Pour marquer l’événement, le Cannibale Resto était au top. Des petits fours disposés un peu partout dans une salle splendidement décorée n’attendaient plus que le discours du directeur et des élus pour être dévorés.

Cette atmosphère solennelle s’arrêta là car ce soir les élus ne parleront pas. Ils ne parleront pas car telle est la décision d’une trentaine de jeunes gens indignés, venus « sans leur carte » autour d’une cause commune, celle des intermittents du spectacle. Vêtus de leur tee-shirt à croix blanche, symbole de la Coordination des Intermittents et des Précaires (CIP), ces derniers ont choisi l’inauguration de Mythos pour réclamer le retrait de la loi travail, et témoigner de leur indignation face à la précarité, la violence policière et l’omniprésence des politiques sur la scène médiatique.

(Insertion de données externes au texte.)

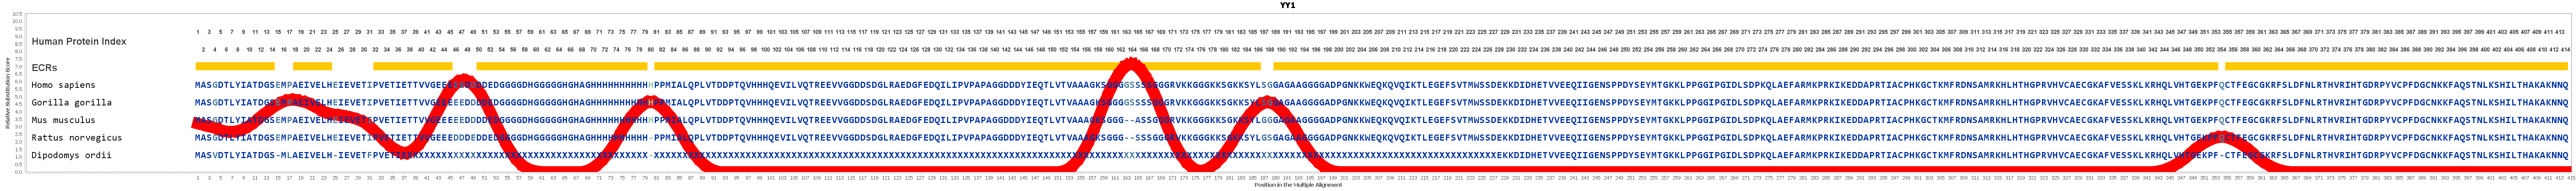 Yy1 Gene Genecards Tyy1 Protein Tyy1 Antibody - rank names roblox amino

C’est une jeune femme qui se prête à l’exercice du discours. Elle raconte tout d’abord les violences subies par le groupe à l’entrée du festival, par des hommes supposés appartenir à la BAC. Les soupçons ne sont pas voilés et les questions posées de manière directe. Au nom de tous les précaires, elle demande la « séparation du Medef et de l’Etat » et déclare « Le Medef ennemi public numéro 1 ». Cette phrase peu sembler violente mais n’est pas surprenante puisque le Medef réclame encore et toujours la suppression pure et simple du régime des intermittents. Son discours se termine par « les élus ne parleront pas ce soir, ils ont déjà assez la parole ».

Ce n’est pas la première fois que s’expriment les revendications du CIP à l’inauguration de Mythos. En avril 2014, une cinquantaine d’intermittents étaient venus masqués de figures du Medef pour dénoncer l’accord signé le 22 mars entre les syndicats et le patronat sur la nouvelle convention de l’assurance-chômage. Le texte refusait le régime spécial de l’intermittence qui accentuerait les inégalités entre les différents salariés face au chômage. Les intermittents toucheraient en effet des allocations plus élevées pour un nombre d’heures travaillées moindres.

Deux ans plus tard en 2016, le régime des intermittents est remis sur la table par le Medef. Une lettre de cadrage signé par trois syndicats (CDT, CFTC et DFE-CGC) réclamait une économie de 185 millions d’euros sur le régime d’assurance chômage des intermittents. La ministre de la culture Audrey Azoulay a déclaré en réponse dans Libération le 15 avril, que ce « cadrage adressé au monde du spectacle était une provocation » que « l’État ne laissera pas tomber les intermittents ».

A Mythos, un léger malaise s’est fait sentir au Cannibale Resto. Le directeur a clôturé le non-débat en affirmant soutenir une partie de la cause de la CPI tout en déclarant que c’était un comble dans un festival de la parole de ne pas laisser la parole aux élus.